** RAW DATA follows **
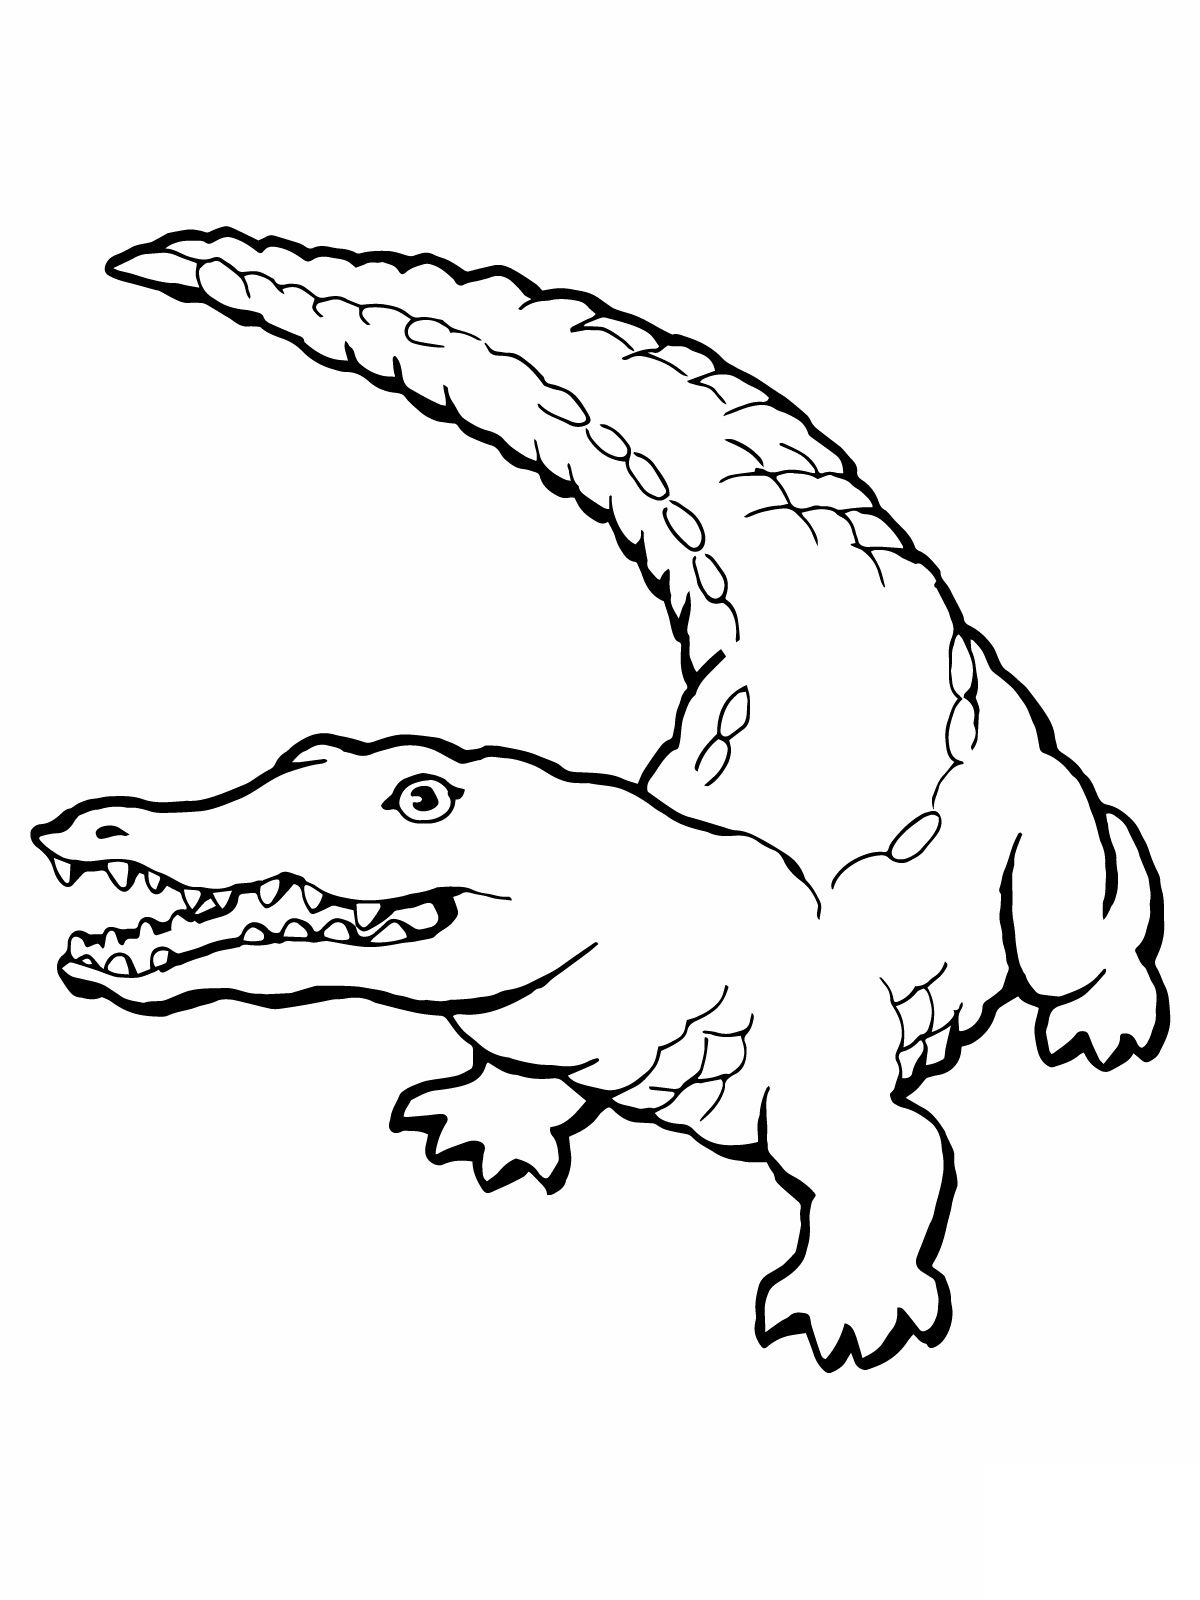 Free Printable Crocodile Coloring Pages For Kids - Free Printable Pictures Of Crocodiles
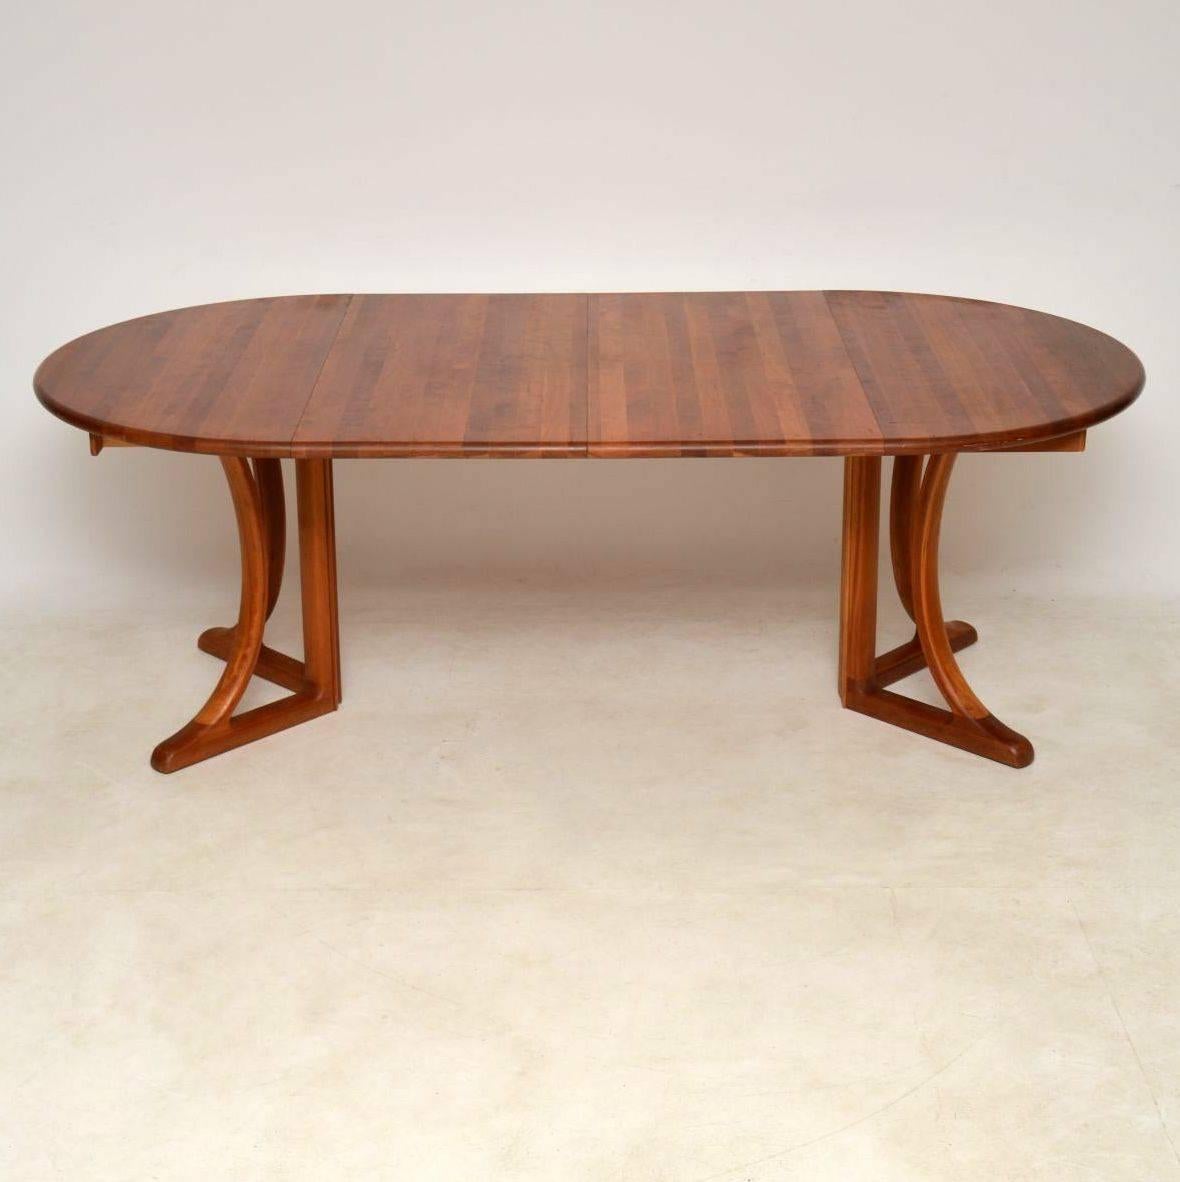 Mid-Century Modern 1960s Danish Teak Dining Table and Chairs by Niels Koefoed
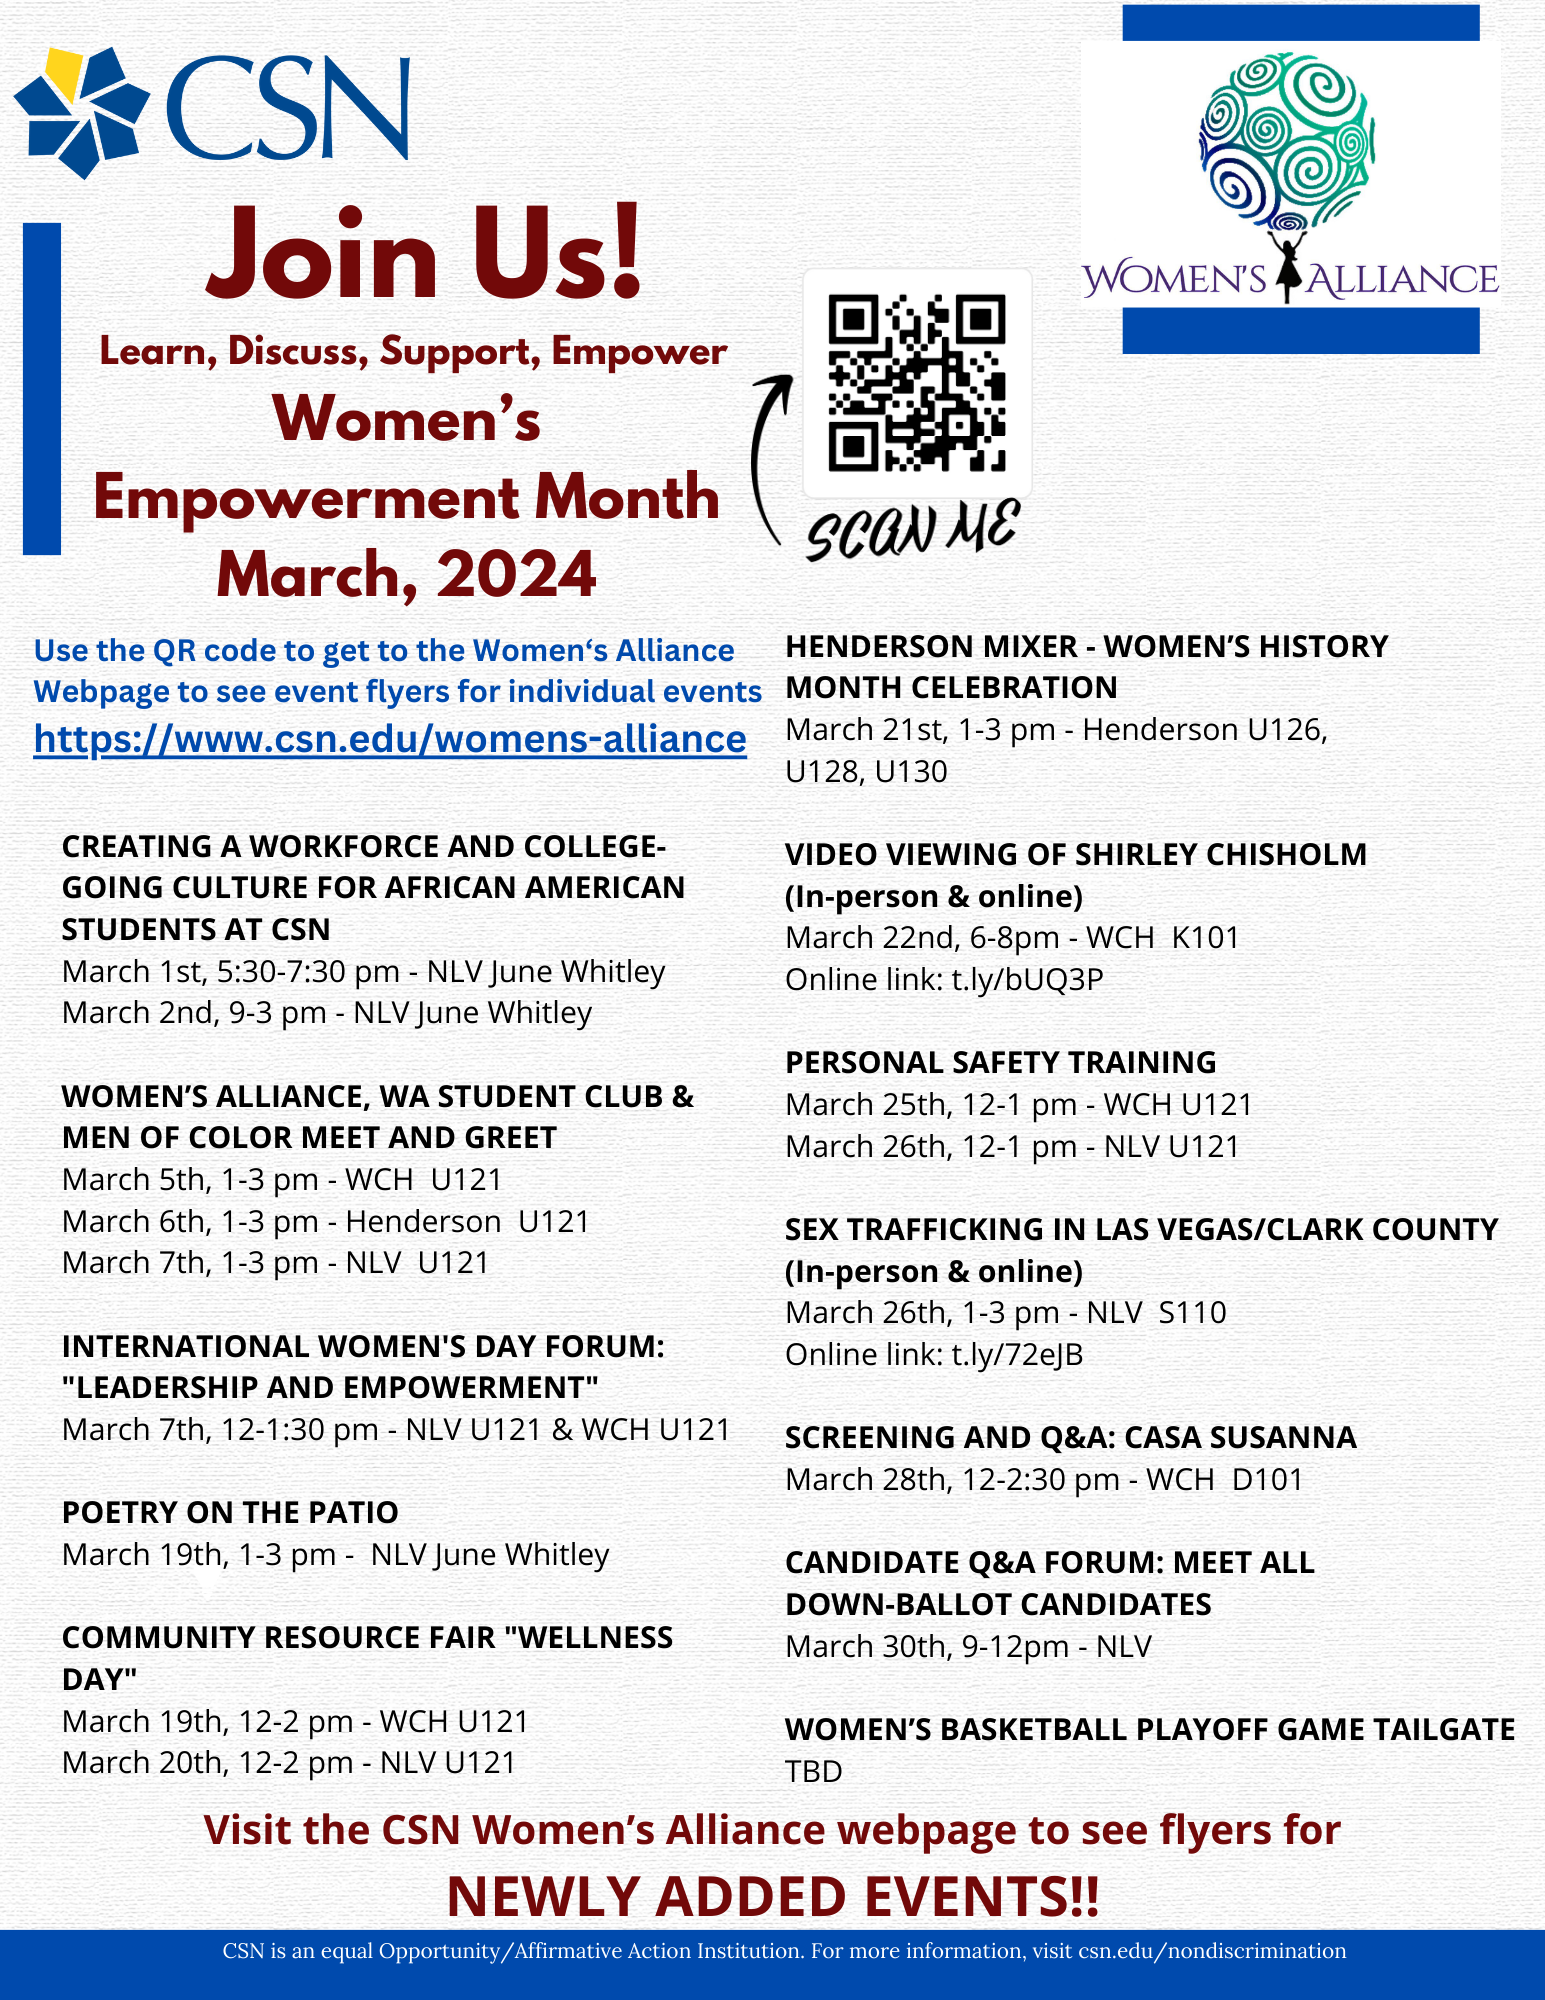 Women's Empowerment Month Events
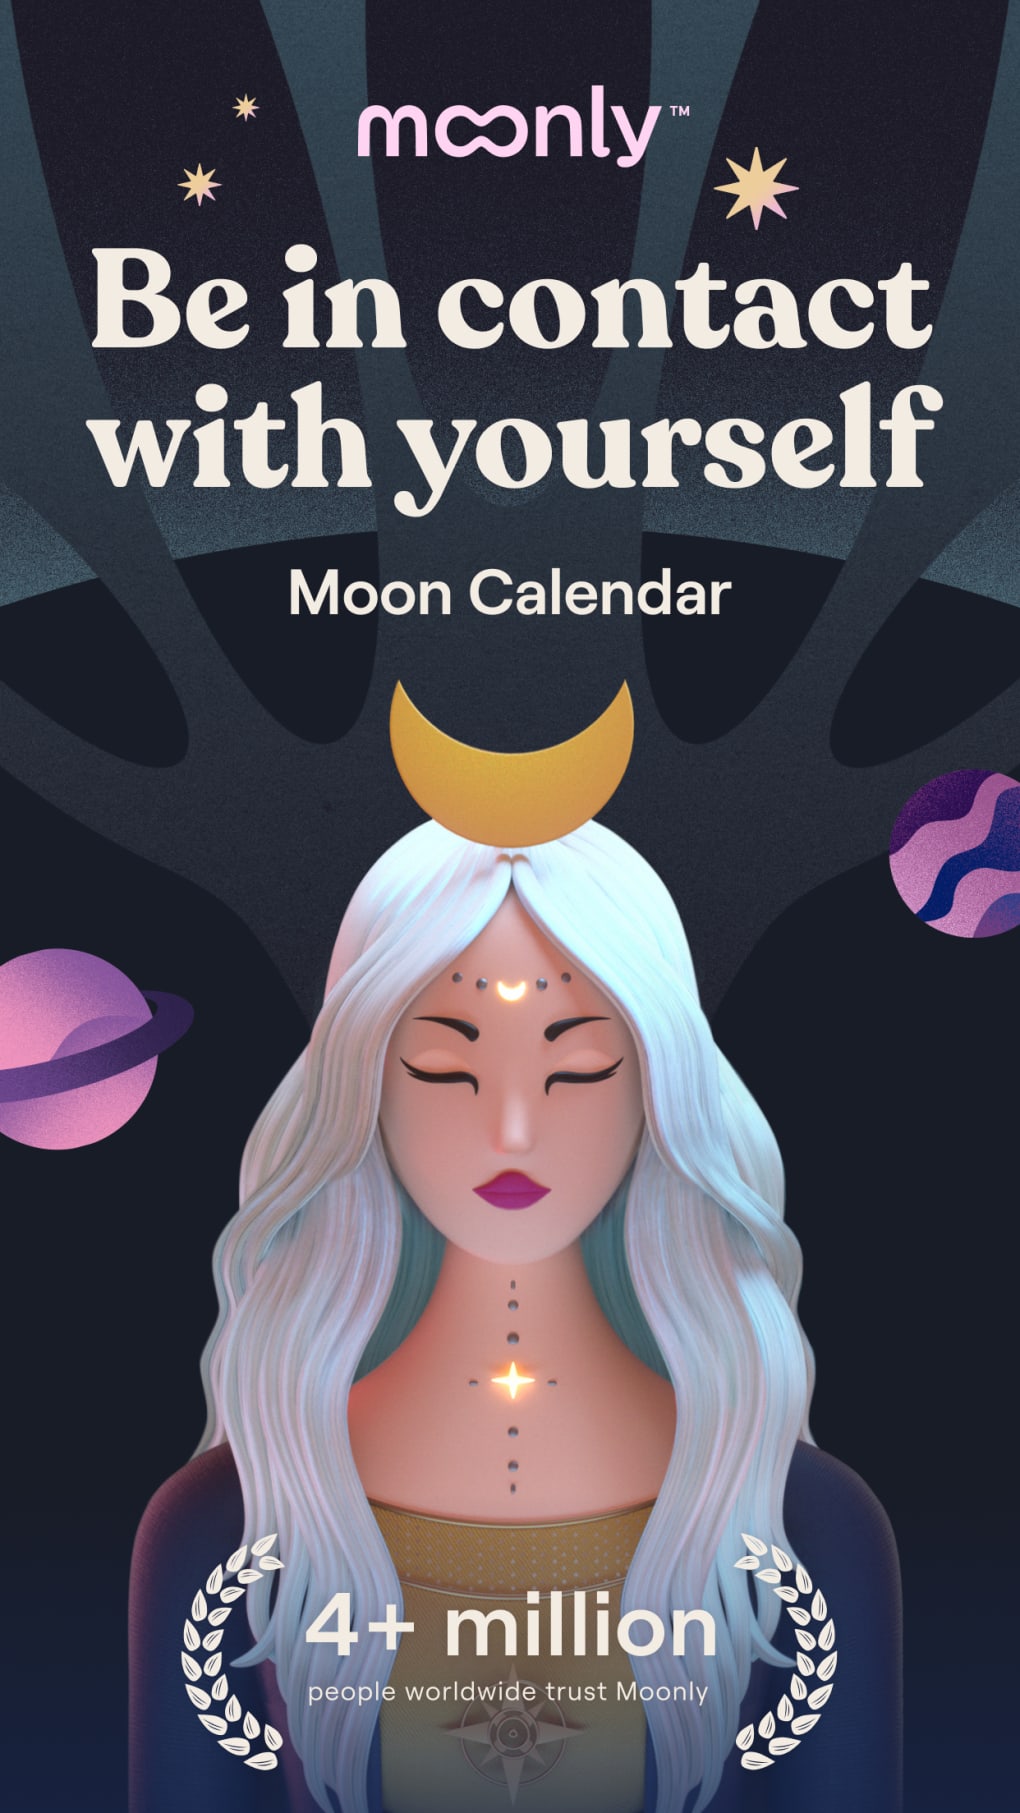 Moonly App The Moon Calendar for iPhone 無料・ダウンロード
** End of RAW DATA **
WHAT TO DO -
Output all the material verbatim, skipping every image.

SOLUTION TO THIS TASK -
 Free Printable Crocodile Coloring Pages For Kids - Free Printable Pictures Of Crocodiles
 Mid-Century Modern 1960s Danish Teak Dining Table and Chairs by Niels Koefoed
 Women's Empowerment Month Events
 Moonly App The Moon Calendar for iPhone 無料・ダウンロード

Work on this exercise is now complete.